Was mach ich falsch?Last edited by linjunky on Sun Sep 30, 2007 11:34 am; edited 1 time in total

----------

## XMath

Moin,

wo hast du das denn überhaupt her?

Das ist kein offizielles Ebuild, oder?

Und noch mehr Fragen:

Warum nimmst du nicht netscape-flash?

----------

## linjunky

nein das ist kein offizieles ebuild. und netscape-flash ist nur ein player. f4l ist mit macromedia flash zu vergleichen.
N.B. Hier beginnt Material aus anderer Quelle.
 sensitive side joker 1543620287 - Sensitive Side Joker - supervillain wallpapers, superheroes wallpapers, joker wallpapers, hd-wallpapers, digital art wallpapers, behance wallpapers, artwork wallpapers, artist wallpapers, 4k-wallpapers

An Adobe Flash kommt es zwar nicht ran aber es ist frei verfügbar

----------

## XMath

Okay,

dann hab ich grad noch wieder was gelernt. 
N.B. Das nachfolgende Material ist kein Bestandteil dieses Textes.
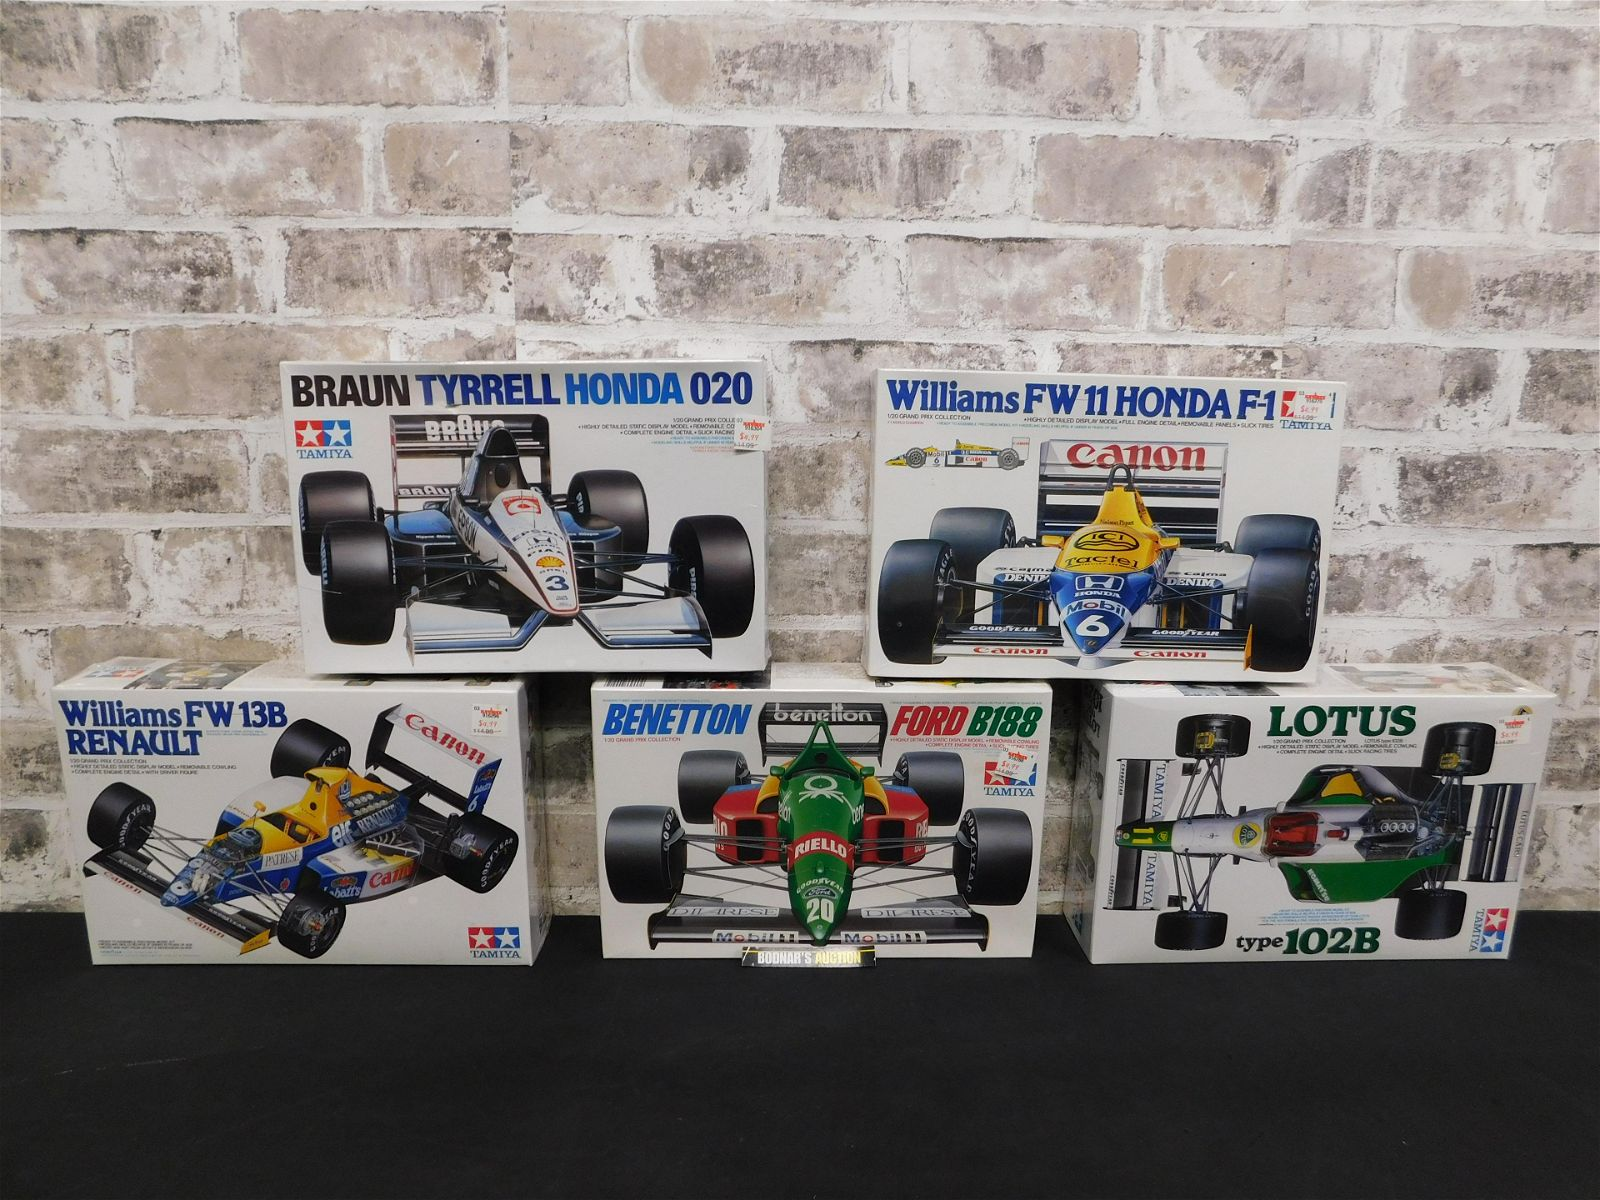 Lot of 5 Sealed Tamiya Grand Prix Model Kits

Und dabei ist doch Wochenende   :Very Happy: 

Vielleicht schaust du mal in /usr/local/portage/media-video/f4l/Manifest.

Die Fehlermeldung besagt ja, dass der Patch dort nicht erwähnt wird. Ist dies der Fall musst du wahrscheinlich nur ein neues Manifest erzeugen. 

Anleitung hier

----------

## franzf

Das ebuild ist sicher von bugs.gentoo.org, oder?

Dann gibt es da wo du das ebuild her hast auch den patch. diesen kopierst du in den Ordner /Pfad/zu/f4l/files.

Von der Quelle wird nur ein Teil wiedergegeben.